Return all of the data below verbatim and exclude every picture.

Provided data:
- - - - - - -

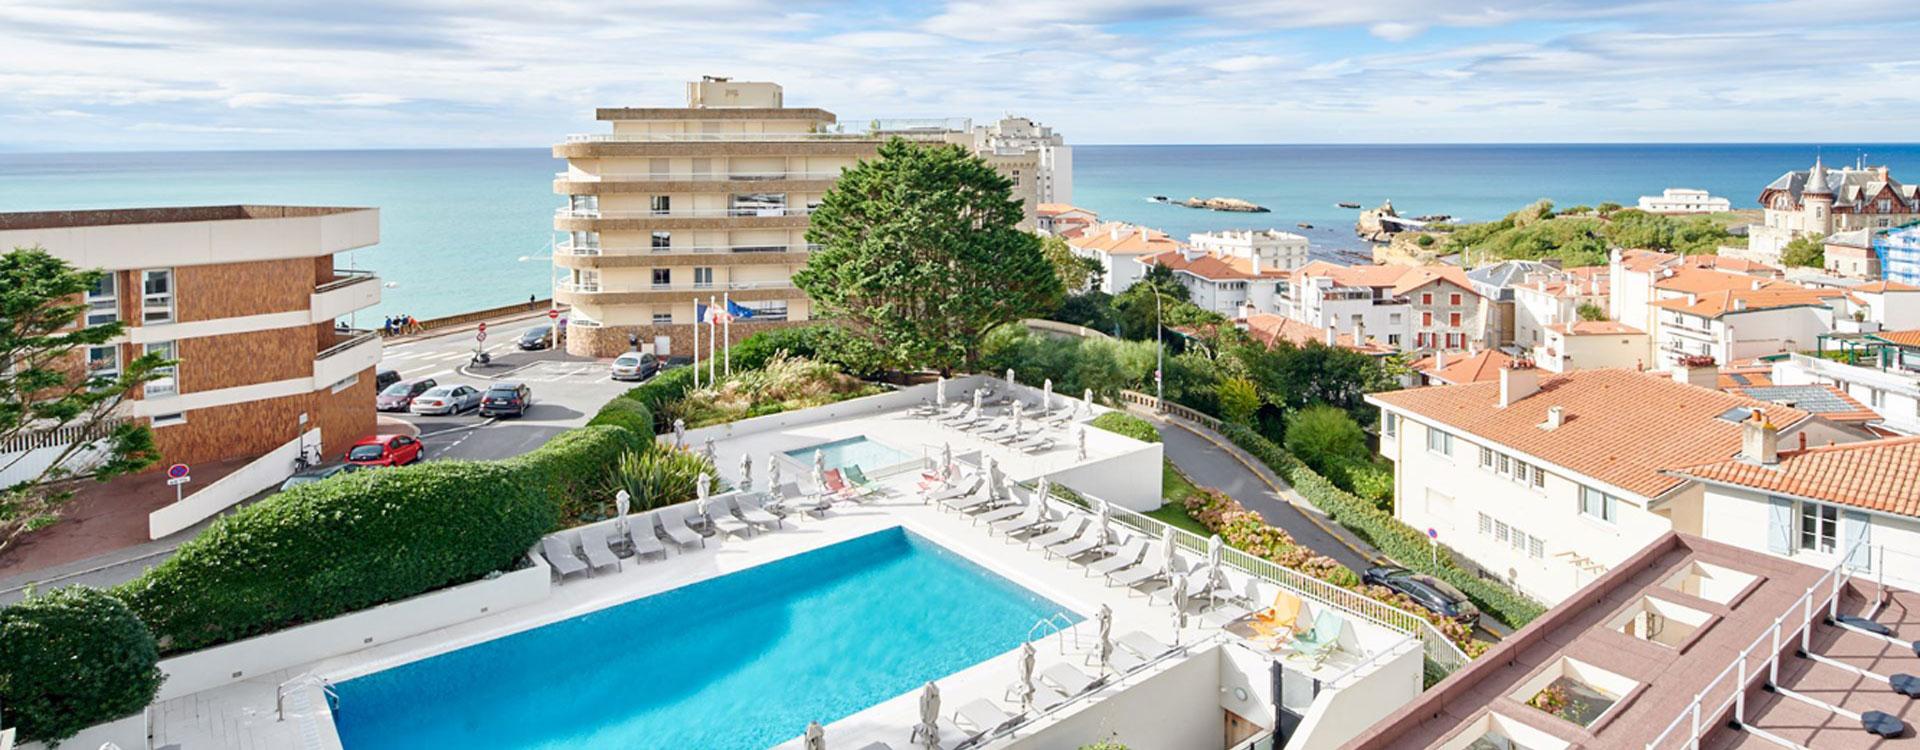 piscine vue mer - biarritz
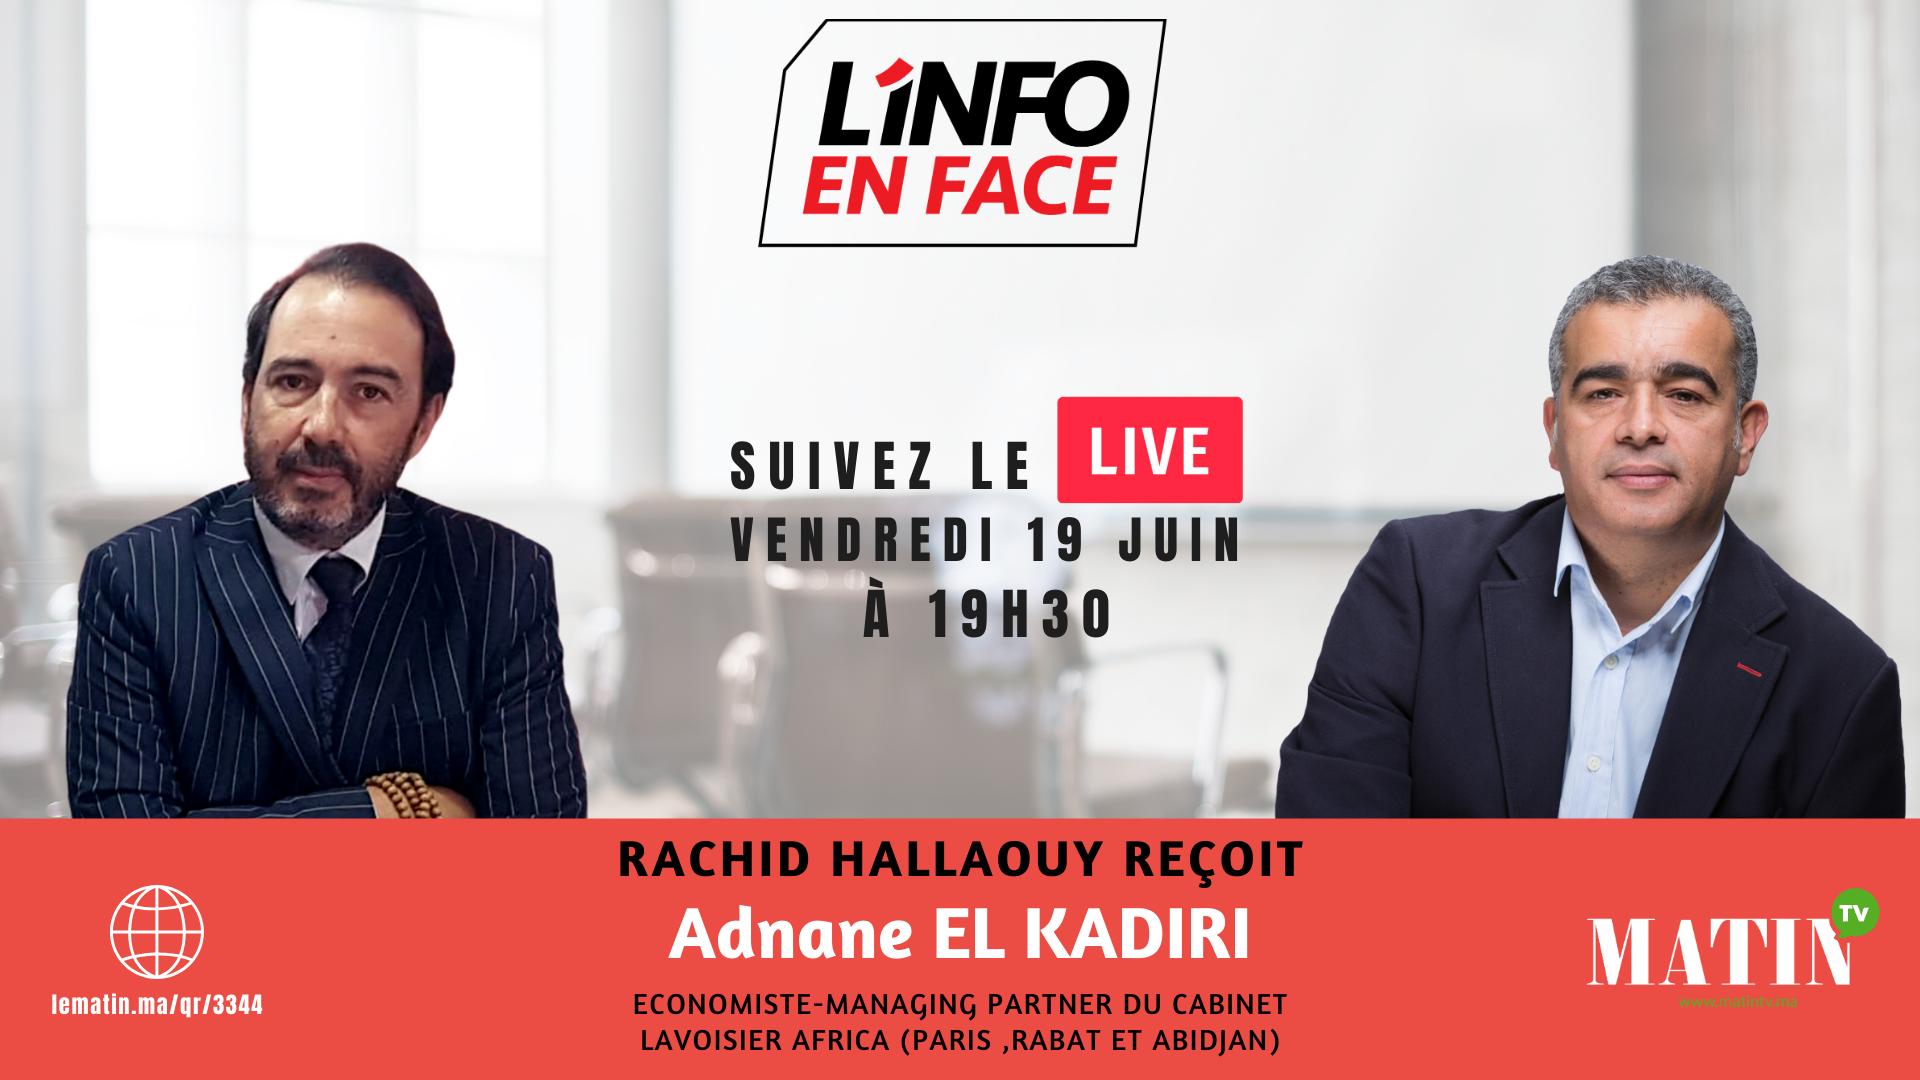 Live : L'Info en Face avec Adnane El Kadiri
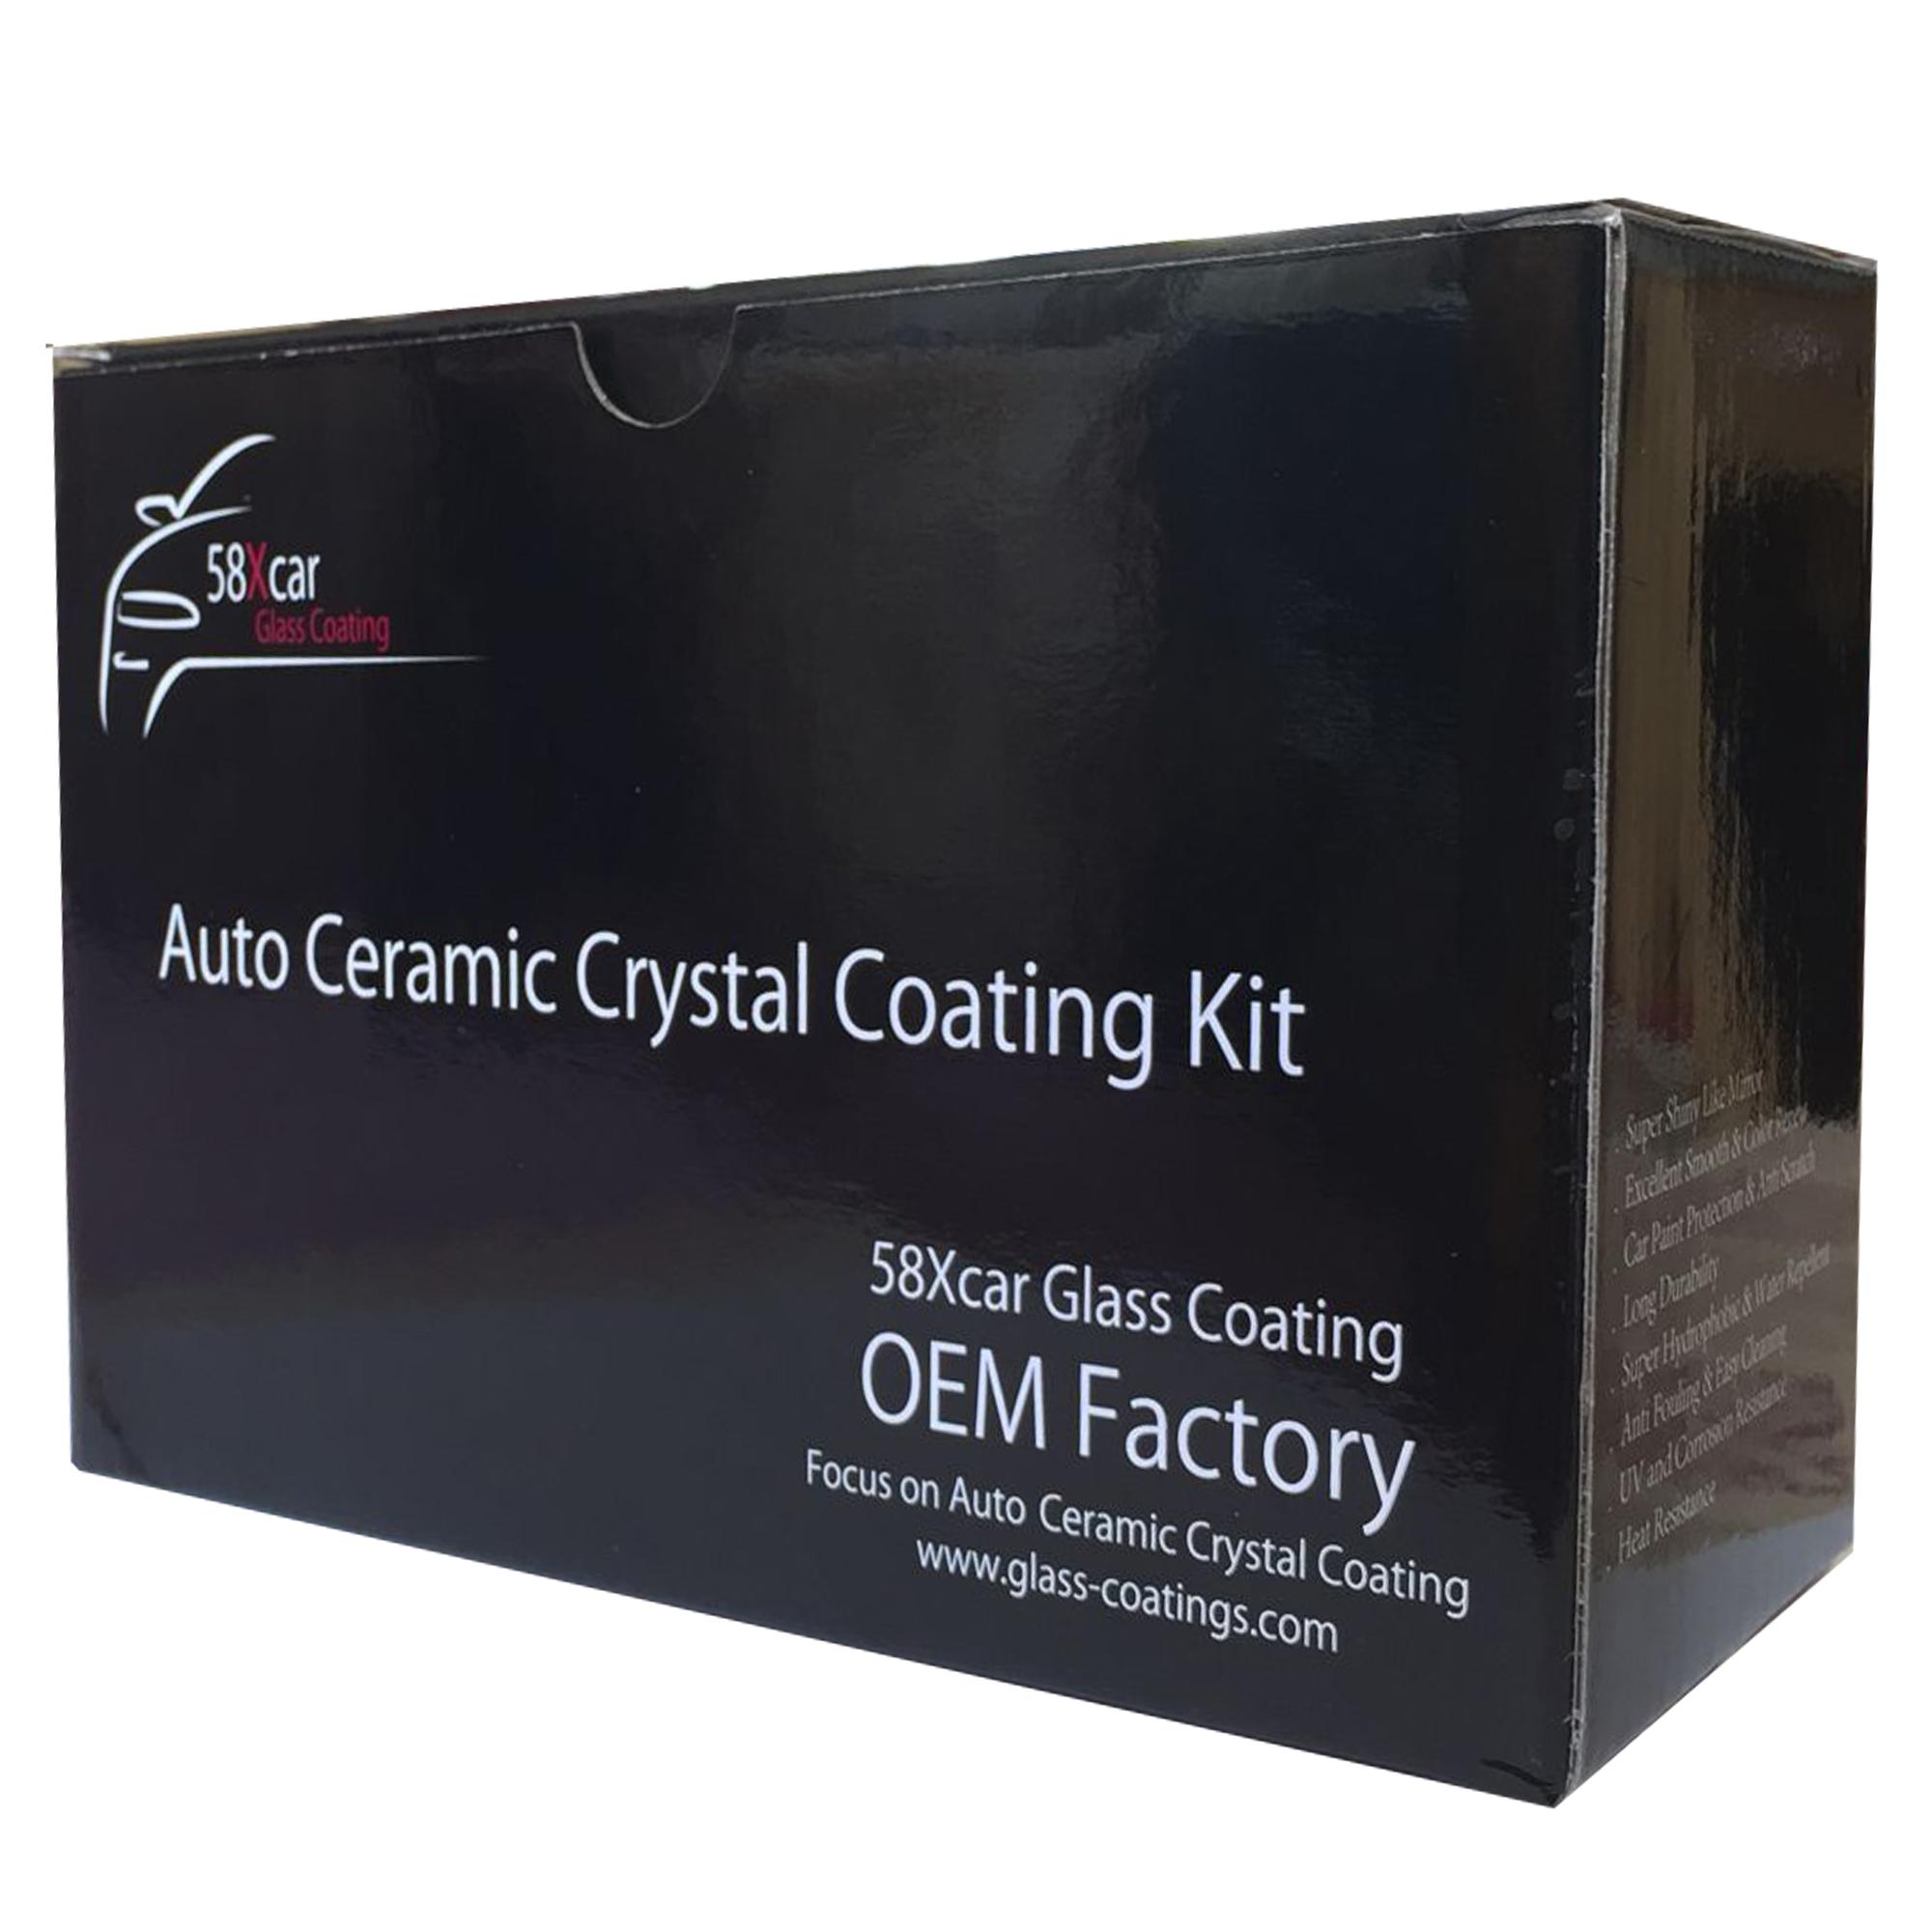 Auto Ceramic Coat 9h Pro Kit Usd65 Ceramic Glass

- - - - - - -

Task answer:
 piscine vue mer - biarritz
 Live : L'Info en Face avec Adnane El Kadiri
 Auto Ceramic Coat 9h Pro Kit Usd65 Ceramic Glass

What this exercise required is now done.